Sur la base de recherches qui, ces dernières années, ont fait ressortir les atouts de la
participation d’apprenants de langues à des sites Internet participatifs, nous montrons
en quoi le web 2.0 représente un terrain propice à la mise en œuvre des tâches ancrées
dans la vie réelle et montrons, à travers nos résultats de recherche, l’impact positif de
ces tâches dans le cadre de la mise en œuvre d’une communication authentique qui ne
soit pas faussée par la présence – même invisible – de l’enseignant.
Sur cette base, nous présentons le principe de « didactique invisible » pour la conception
et la réalisation de sites Internet de type 2.0 visant à promouvoir l’utilisation et
l’apprentissage des langues dans une approche interactionnelle.
Nous discutons également les limites de l’approche interactionnelle et revenons sur
quatre éléments de didactique des langues que cette approche, mise en œuvre sur le
web 2.0, remet en question : l’opposition entre interaction en milieu naturel et en milieu
institutionnel, de même que la distinction entre milieux alloglotte et homoglotte, la
distinction entre apprenant et usager et finalement le rôle de l’enseignant.

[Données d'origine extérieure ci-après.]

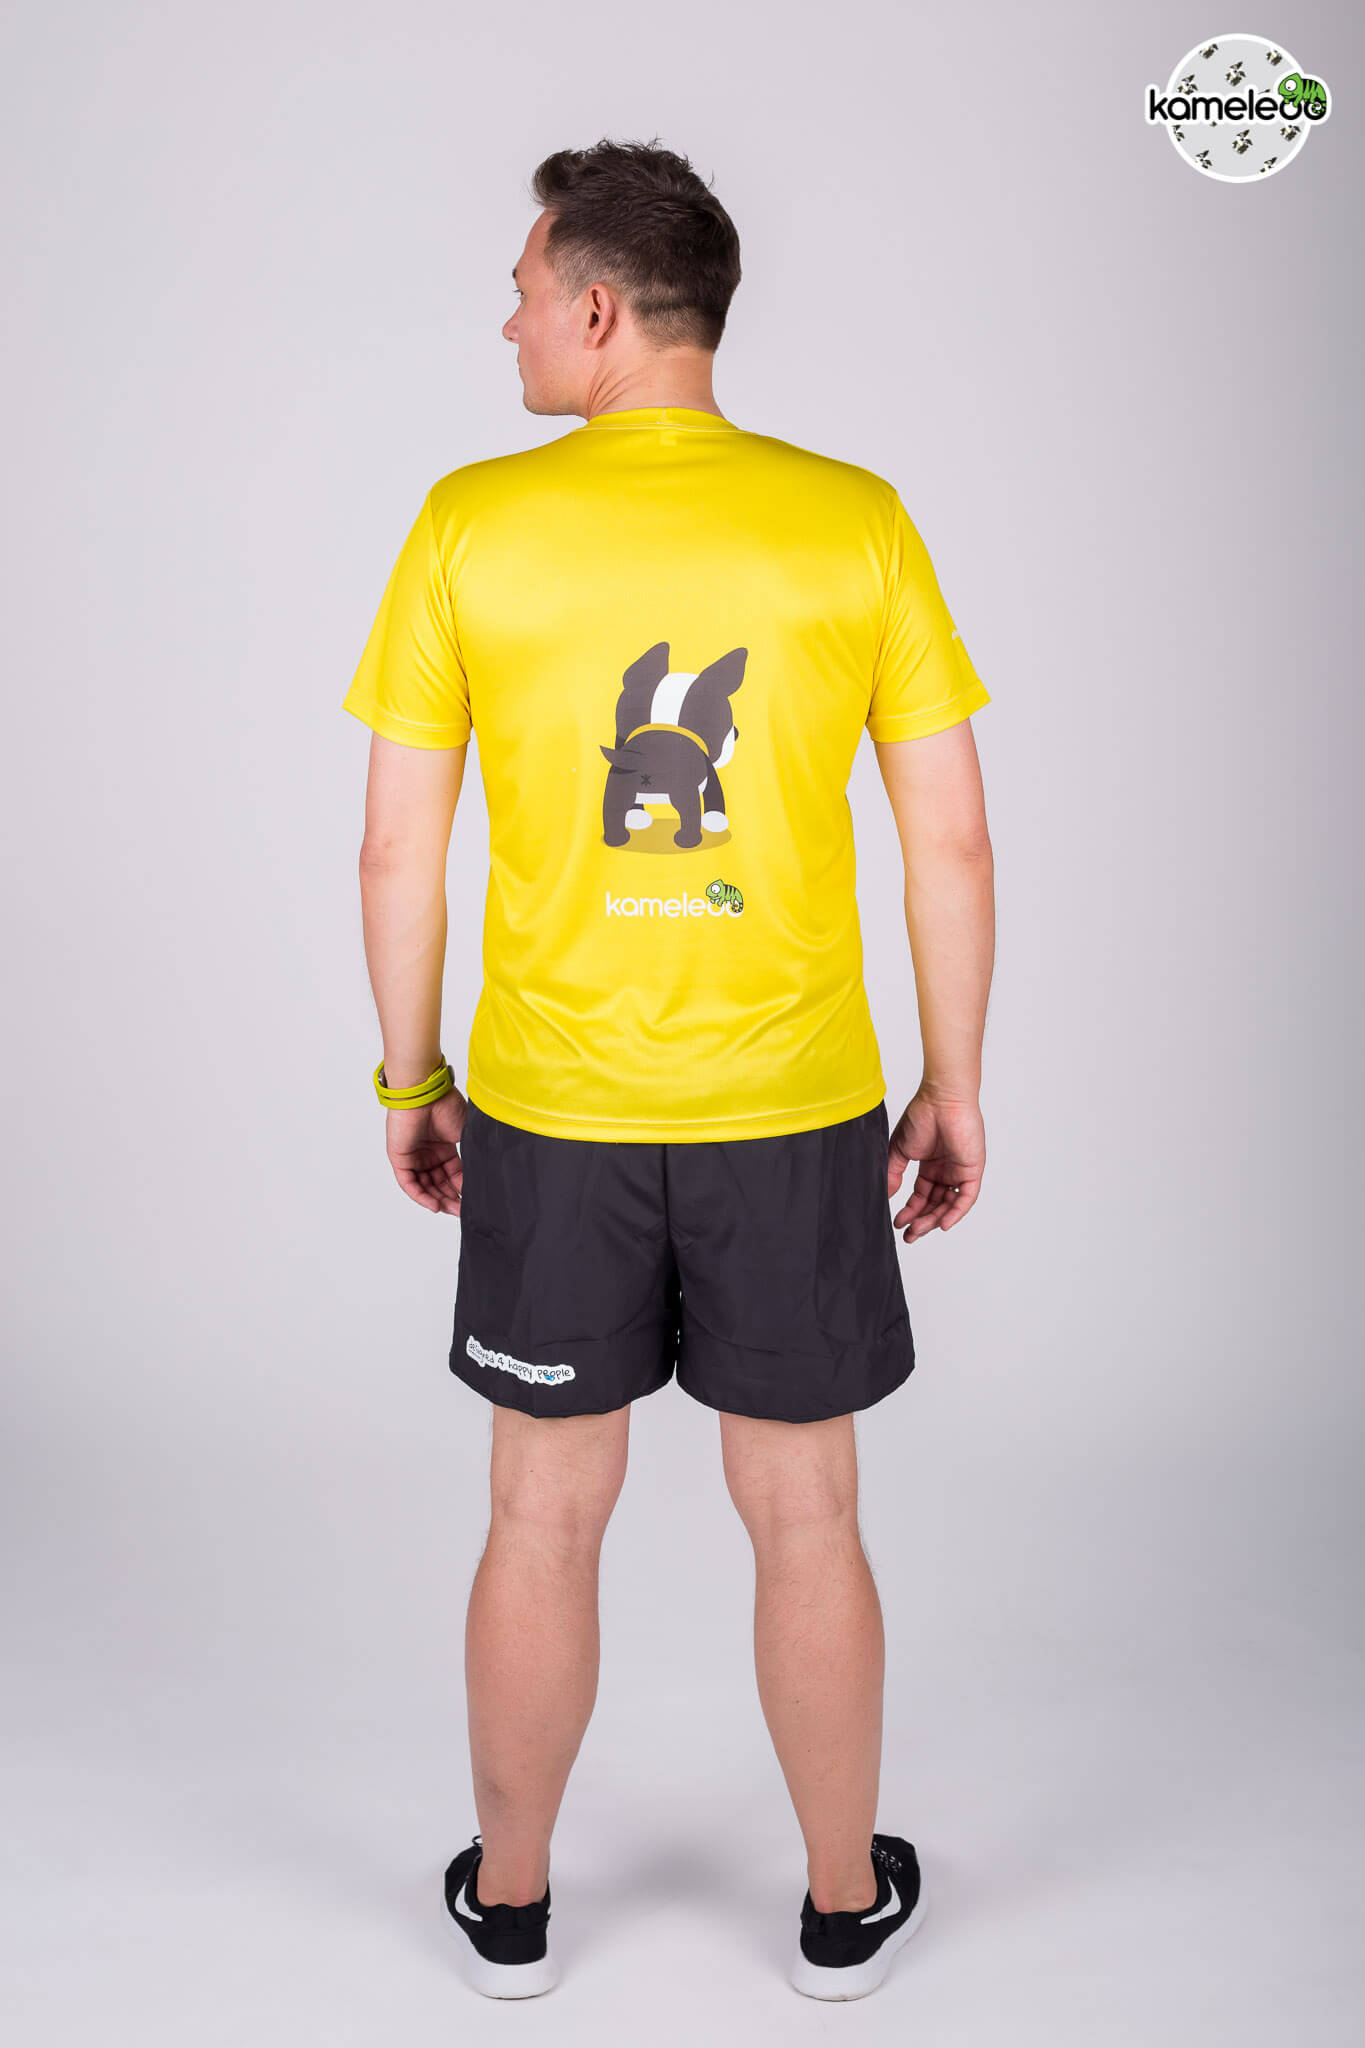 Bostoon Men's T-Shirt - Yellow - Kameleoo.com
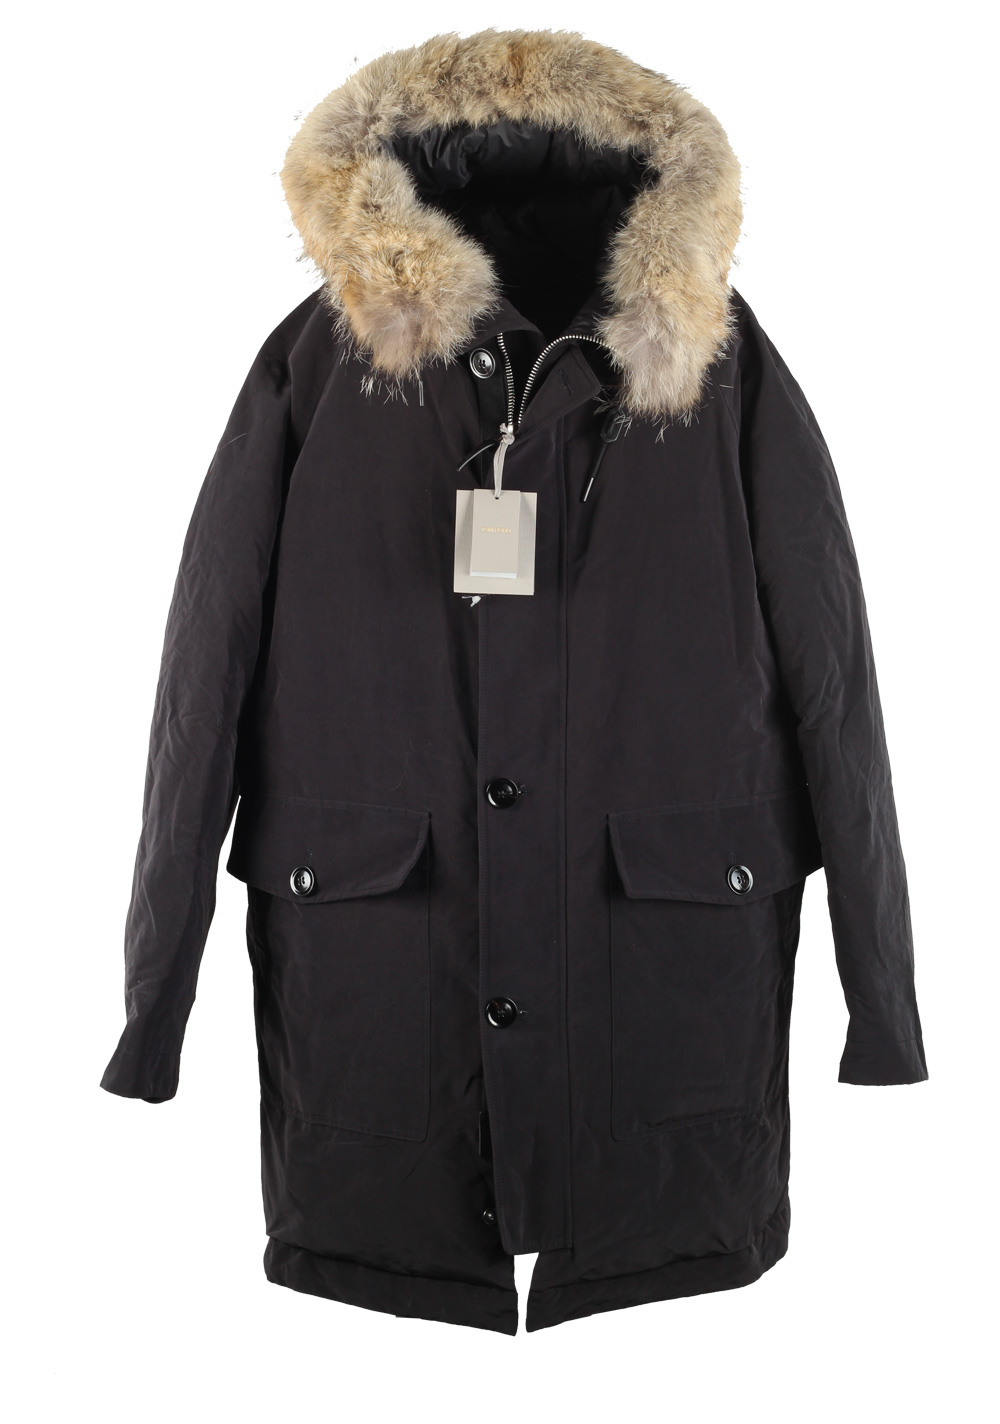 TOM FORD Black Mountain Parka Jacket Coat Size 54 / 44R U.S. Outerwear ...

La mise en œuvre de l’approche interactionnelle et, partant, la pleine prise en compte
des interactions sociales restent embryonnaires en didactique des langues même
lorsque celle-ci s’intéresse à l’utilisation de l’Internet social. Si l’on se déplace dans le
domaine de la didactique de l’intercompréhension, une des approches plurielles et un
domaine émergent de recherche et de pratique en didactique des langues, force est de
constater que les interactions sociales sont encore moins considérées. Sur la base d’une
discussion
de
tensions
épistémologiques
qui
sous-tendent
le
monde
de
l’intercompréhension, nous mettons en effet en lumière le fait que si les chercheurs
définissent majoritairement l’intercompréhension comme un mode de communication
(interactif), la priorité a été / est souvent donnée à la réception écrite et que les
interactions (sociales) ont été / sont très peu prises en compte sauf dans quelques
projets pionniers. Nous proposons des explications à ce paradoxe en revenant sur les
difficultés que représente, en didactique de l’intercompréhension, la mise en œuvre
d’une approche interactionnelle et de tâches ancrées dans la vie réelle du fait même de
la nature de ce mode de communication.
Les études effectuées ces dernières années ouvrent en tout cas de nombreuses
perspectives de recherches à venir, que ce soit dans le domaine de la mise en œuvre de
la perspective interactionnelle à travers des tâches ancrées dans la vie réelle et à réaliser
sur le web social et/ou en didactique de l’intercompréhension, domaine qui, de par sa
« jeunesse » offre des terrains entiers à investir.